[antlr-interest] Languages where keywords can be used as identifiers

Tue Feb 7 16:14:40 PST 2006

> Are there any hooks (from the parser) into the lexer, to tell it to
> switch off testLiterals, or (due to lookahead) is it already too late
> once the parser is parsing a rule?

Due to the lookahead, it's already too late. Having the parser trigger state switches in the lexer just leads to a world of hurt.

I agree about the maintenance issue with regard to keeping a list of unreserved keywords. The grammar I maintain (I wrote a parser for a language called ABL from Progress Software) has over 1000 token types now, most of those are unreserved keywords. I had hoped that your situation was different.
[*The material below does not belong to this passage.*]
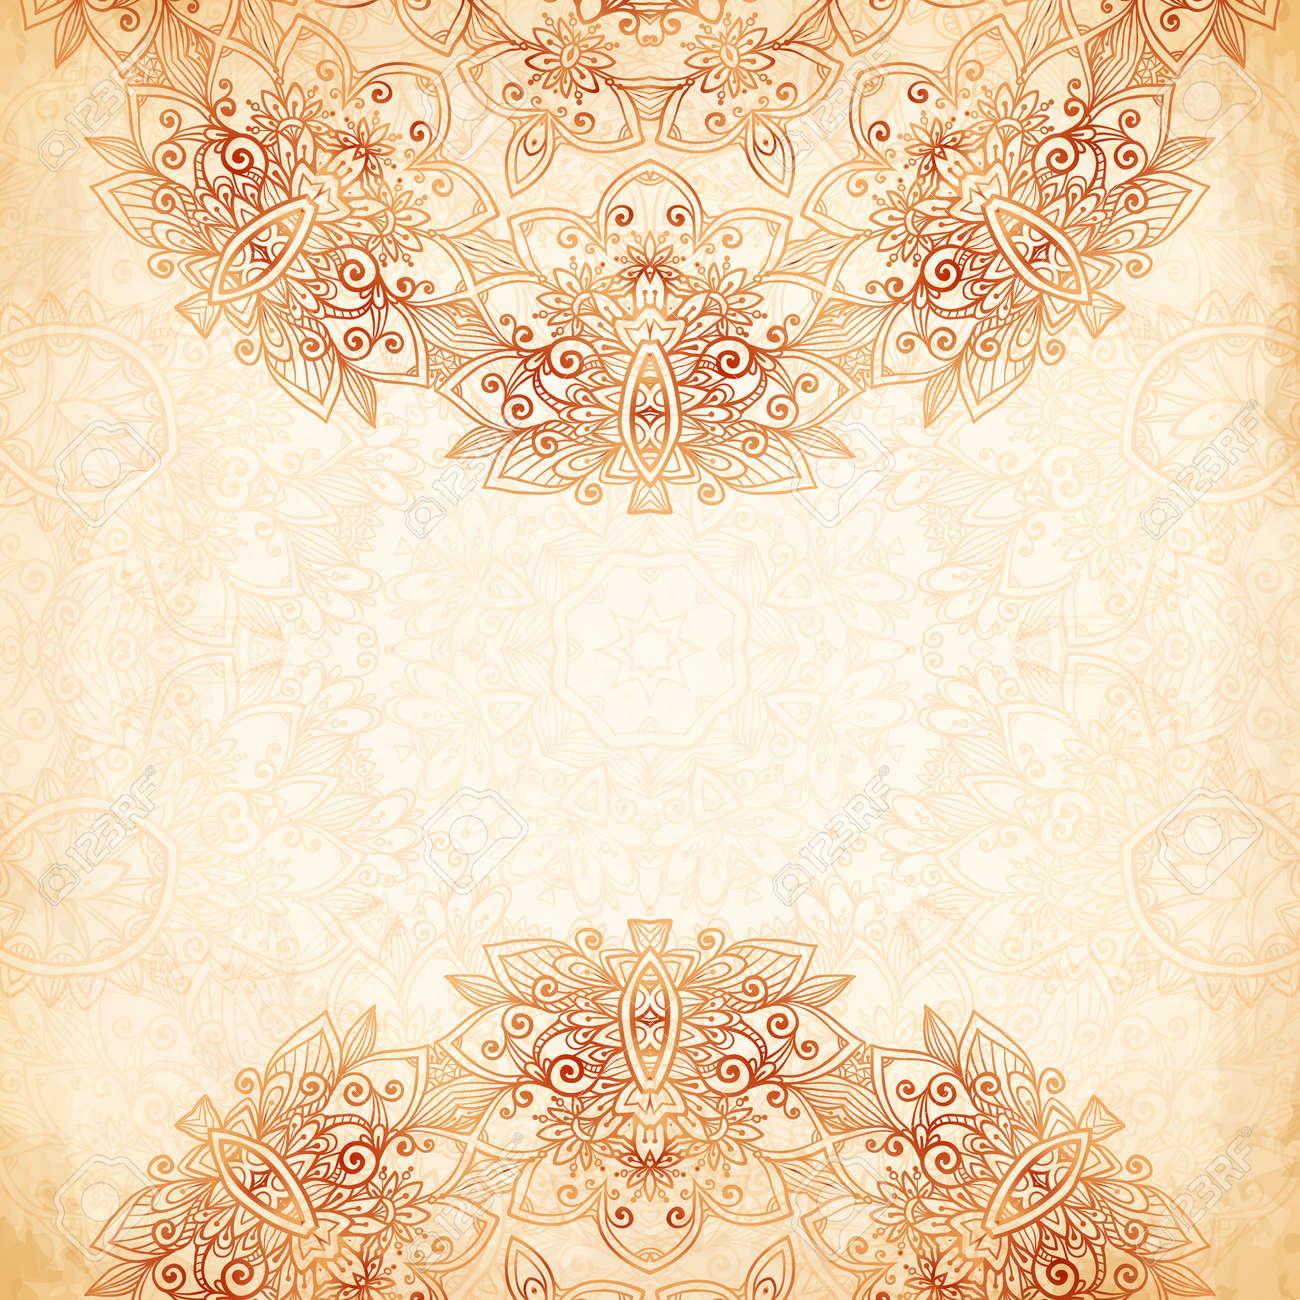 Ornate vintage vector background in mehndi style royalty free stock - Ornate Vintage Background In Mehndi Style Stock Vector 29752122
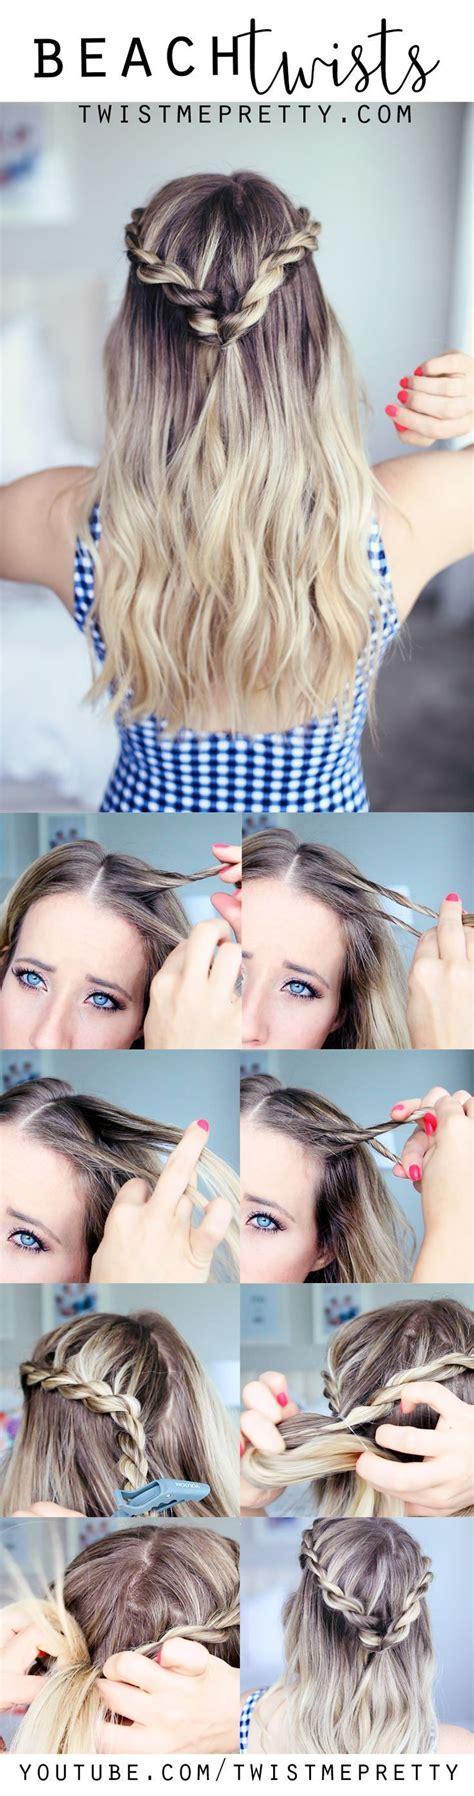 quicken easy hairstyles for school best 25 easy hairstyles ideas on hairstyles for school hairstyles

I don't know of any way around the fact that all of the unreserved keywords need to be listed as a rule in your grammar. The parser that Antlr generates needs that rule so that it can deal with lookahead issues.

John at joanju dot com

Adam Bishop (DSLWN) wrote:
> Thanks.
> The problem with this is that the list of (unreserved) keywords is
> expanding, so I would need to maintain the unreservedKeyword rule.  I
> need some way of guaranteeing that all of the keywords are in the rule,
> so I could use the literals txt file generated to generate the
> unreservedKeyword rule and import that rule into the grammar...
> 
> I have been trying a different approach, and have made a method that
> (greedily) fetches and matches the next token
> 
> 	/**
> 	  * Returns the string of the identifier.
> 	  * <p>Should be used instead of the ID token, since the ID
> token will only be returned
> 	  * by the lexer if the identifier is not a keyword
> 	  * <p>Show caution in the use of this method, particularly if
> ID is only one of many options.  
> 	  * If it is then getID should be the last option, as it will
> physically force the parser to chew up the next token regardless (i.e.
> always matches)
> 	  * @throws TokenStreamException 
> 	  * @throws MismatchedTokenException 
> 	  **/
> 	private Token getID() throws MismatchedTokenException,
> TokenStreamException{
> 		Token result = LT(1);
> 		match(result.getType());
> 		return result;
> 	}
> 
> It works in the case that the rule actually can be greedy, but the
> obvious downsides of this are that the getID needs to be the last option
> within any selection, and if it is part of an optional clause it will
> fail.  I could modify it to stop it calling match 100% of the time
> (possibly by passing in an exception set of tokens)
> 
> But both of these approaches seem to be... less than elegant.
> 
> Are there any hooks (from the parser) into the lexer, to tell it to
> switch off testLiterals, or (due to lookahead) is it already too late
> once the parser is parsing a rule?
> 
> P.S. I'm leaning towards your solution.
> 
> 
> -----Original Message-----
> From: John Green [mailto:greenj at ix.netcom.com] 
> Sent: Wednesday, 8 February 2006 12:13 p.m.
> To: Adam Bishop (DSLWN)
> Cc: antlr-interest at antlr.org
> Subject: Re: [antlr-interest] Languages where keywords can be used as
> identifiers
> 
> I went through the same thing a long time ago. To do it similar to what
> I did:
> 
> The lexer would always recognize "loop" as a keyword token LOOP.
> 
> The grammar would have a rule like:
>   unreservedkeyword: loop | etc | etc ;
> 
> The grammar would use a rule named "id":
>   id: ID | unreservedkeyword ;
> 
> But enhance that last rule a bit, so that when you add it to the tree,
> you change the type from LOOP (or whatever keyword) to ID:
>   id: ID | urk:unreservedkeyword { #urk.setType(ID); }
> I probably have the syntax wrong for setType, sorry, this is off the top
> of my head.
> 
> Now your grammar can use:
>   "goto" id
> and
>   datatype id
> 
> 
> HTH,
> John
> john at joanju dot com
> 
> 
> Adam Bishop (DSLWN) wrote:
>> I am parsing a language where "loop" is a keyword, however a label can
> 
>> be named loop.  The rule for label expects an identifier token, but
> the 
>> lexer will return a loop token.  Is there any way to switch
> testLiterals 
>> for a particular rule?
>>
>>  
>>
>> Ideally the Lexer shouldn't be doing testLiterals for any usage of the
> 
>> token ID in the parser.
>>
>>  
>>
>> NOTE:  To make things worse, I am having this problem wherever I have
> a 
>> rule in the parser that expects an identifier
>>
>> e.g.
>>
>>  
>>
>> "goto" ID
>>
>>  
>>
>> Will fail for input "goto loop"
>>
>>  
>>
>> And
>>
>>  
>>
>> datatype ID
>>
>>  
>>
>> will fail for "Number length" (since length is a keyword in another
> rule)
>>  
>>
> 
> 
>